#### [Activity]
Every line from the beginning of the data through the line containing "Слюнявчик детский, махра" should be reproduced exactly, and no further lines should be output.

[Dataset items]

◆ ◆ ◆ ◆ ◆ ◆ ◆

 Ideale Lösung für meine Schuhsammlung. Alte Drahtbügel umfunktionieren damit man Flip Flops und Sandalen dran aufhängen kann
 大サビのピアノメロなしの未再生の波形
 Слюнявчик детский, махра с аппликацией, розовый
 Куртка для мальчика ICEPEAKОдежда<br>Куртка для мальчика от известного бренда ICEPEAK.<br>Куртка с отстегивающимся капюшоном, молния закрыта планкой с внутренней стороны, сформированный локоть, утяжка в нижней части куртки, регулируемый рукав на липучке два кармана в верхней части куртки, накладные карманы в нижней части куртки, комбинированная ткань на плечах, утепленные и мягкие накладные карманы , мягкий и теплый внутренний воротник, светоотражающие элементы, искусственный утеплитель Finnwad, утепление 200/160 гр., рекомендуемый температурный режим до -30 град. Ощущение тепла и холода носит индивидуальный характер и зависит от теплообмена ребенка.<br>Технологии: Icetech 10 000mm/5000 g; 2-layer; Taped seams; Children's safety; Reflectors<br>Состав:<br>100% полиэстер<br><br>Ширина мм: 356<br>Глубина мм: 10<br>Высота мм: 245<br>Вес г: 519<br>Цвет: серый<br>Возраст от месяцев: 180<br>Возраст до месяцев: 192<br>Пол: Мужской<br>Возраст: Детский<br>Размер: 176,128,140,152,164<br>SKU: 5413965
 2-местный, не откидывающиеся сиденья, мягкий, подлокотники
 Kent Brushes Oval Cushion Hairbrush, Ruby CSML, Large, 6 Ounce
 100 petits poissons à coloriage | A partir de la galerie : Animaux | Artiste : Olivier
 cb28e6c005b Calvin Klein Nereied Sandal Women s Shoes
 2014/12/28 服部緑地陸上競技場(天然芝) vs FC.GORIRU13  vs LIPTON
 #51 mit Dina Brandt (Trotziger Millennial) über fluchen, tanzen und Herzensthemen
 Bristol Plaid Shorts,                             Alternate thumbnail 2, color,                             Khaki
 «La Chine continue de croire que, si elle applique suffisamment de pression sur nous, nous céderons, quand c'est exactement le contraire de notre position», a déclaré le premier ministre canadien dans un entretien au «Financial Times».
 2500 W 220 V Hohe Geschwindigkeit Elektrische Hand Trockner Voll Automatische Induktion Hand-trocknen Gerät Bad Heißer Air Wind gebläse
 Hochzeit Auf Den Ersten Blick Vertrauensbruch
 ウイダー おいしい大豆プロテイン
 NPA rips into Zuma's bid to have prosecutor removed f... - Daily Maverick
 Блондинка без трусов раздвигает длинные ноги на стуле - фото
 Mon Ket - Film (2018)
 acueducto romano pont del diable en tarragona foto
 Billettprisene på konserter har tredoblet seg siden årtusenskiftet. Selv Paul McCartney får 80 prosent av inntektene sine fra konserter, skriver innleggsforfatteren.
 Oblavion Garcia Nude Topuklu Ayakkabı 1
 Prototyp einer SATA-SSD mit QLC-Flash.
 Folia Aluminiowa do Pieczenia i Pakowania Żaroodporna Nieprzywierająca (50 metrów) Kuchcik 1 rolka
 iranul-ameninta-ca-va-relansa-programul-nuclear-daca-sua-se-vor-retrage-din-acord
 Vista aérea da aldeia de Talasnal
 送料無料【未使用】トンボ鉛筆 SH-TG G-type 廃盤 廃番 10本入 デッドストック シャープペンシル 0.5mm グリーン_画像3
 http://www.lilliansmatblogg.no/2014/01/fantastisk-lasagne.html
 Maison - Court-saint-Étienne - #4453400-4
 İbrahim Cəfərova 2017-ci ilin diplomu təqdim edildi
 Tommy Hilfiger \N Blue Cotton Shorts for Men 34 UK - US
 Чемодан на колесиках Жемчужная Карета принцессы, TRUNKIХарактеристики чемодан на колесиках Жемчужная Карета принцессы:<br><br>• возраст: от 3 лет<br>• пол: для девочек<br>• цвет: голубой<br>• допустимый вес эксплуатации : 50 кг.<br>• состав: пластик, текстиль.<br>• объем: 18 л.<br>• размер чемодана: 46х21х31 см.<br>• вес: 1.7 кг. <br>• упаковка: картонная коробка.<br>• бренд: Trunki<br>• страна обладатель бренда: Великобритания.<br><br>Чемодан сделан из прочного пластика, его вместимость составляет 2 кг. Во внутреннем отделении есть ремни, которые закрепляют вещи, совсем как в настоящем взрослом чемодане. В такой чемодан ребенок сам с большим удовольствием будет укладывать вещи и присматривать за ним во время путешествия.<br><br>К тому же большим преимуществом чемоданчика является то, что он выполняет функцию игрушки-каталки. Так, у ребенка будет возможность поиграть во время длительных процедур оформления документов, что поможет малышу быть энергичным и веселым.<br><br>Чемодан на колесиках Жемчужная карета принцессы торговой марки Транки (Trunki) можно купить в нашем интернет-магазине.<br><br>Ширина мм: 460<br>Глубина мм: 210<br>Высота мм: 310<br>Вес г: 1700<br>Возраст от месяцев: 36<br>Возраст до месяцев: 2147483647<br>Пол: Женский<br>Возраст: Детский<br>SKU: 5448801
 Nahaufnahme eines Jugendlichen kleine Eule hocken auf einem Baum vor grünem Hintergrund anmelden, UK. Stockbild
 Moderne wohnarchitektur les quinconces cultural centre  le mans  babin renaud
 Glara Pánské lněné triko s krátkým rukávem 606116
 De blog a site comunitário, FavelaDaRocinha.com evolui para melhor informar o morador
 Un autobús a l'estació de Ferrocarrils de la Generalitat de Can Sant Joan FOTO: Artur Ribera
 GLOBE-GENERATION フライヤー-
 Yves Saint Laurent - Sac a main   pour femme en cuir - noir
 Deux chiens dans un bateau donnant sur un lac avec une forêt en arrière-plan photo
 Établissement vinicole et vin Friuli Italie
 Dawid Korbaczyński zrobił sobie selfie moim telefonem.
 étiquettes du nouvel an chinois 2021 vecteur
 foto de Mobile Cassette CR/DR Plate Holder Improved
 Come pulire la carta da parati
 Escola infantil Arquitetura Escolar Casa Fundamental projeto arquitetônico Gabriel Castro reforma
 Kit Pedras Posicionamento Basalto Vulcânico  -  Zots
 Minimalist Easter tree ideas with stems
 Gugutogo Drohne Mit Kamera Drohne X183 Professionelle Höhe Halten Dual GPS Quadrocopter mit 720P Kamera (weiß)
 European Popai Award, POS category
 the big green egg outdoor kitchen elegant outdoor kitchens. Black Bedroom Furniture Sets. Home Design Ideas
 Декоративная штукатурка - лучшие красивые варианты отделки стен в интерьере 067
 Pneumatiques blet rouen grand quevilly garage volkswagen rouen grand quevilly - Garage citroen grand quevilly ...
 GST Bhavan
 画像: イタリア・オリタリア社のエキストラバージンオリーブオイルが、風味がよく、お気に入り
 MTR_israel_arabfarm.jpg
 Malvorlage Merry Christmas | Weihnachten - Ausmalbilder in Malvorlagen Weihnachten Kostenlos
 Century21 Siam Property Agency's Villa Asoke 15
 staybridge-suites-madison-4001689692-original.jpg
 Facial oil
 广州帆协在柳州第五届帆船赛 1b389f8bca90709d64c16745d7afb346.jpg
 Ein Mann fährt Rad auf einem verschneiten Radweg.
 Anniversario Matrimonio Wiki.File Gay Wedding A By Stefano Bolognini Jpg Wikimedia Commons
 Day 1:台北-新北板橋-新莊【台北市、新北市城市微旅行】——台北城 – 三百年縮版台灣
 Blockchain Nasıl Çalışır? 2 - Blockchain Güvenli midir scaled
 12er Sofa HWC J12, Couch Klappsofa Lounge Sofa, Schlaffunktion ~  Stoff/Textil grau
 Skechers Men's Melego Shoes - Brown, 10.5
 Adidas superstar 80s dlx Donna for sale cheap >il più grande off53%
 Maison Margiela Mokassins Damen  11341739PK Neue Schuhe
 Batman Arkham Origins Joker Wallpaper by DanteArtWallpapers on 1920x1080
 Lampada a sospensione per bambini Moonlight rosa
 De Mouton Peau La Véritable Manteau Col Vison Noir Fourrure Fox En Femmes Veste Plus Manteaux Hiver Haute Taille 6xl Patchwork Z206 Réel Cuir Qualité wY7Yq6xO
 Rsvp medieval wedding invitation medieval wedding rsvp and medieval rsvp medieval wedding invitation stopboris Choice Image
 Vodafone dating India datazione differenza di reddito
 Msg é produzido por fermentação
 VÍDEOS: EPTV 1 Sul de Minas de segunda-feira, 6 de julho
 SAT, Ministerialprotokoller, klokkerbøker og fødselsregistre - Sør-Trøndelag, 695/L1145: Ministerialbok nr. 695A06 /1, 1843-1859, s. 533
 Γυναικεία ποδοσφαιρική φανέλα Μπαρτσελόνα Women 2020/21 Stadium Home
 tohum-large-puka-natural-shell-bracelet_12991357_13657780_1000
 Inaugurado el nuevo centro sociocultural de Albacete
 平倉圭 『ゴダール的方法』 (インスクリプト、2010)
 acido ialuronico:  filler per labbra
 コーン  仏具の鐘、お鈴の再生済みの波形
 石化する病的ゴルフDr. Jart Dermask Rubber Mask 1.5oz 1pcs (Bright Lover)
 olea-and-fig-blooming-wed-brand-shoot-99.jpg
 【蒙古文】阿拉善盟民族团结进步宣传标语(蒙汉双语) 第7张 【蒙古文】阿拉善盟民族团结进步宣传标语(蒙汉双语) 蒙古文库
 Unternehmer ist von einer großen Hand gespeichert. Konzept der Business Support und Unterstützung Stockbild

◆ ◆ ◆ ◆ ◆ ◆ ◆

#### [Response to the exercise]
 Ideale Lösung für meine Schuhsammlung. Alte Drahtbügel umfunktionieren damit man Flip Flops und Sandalen dran aufhängen kann
 大サビのピアノメロなしの未再生の波形
 Слюнявчик детский, махра с аппликацией, розовый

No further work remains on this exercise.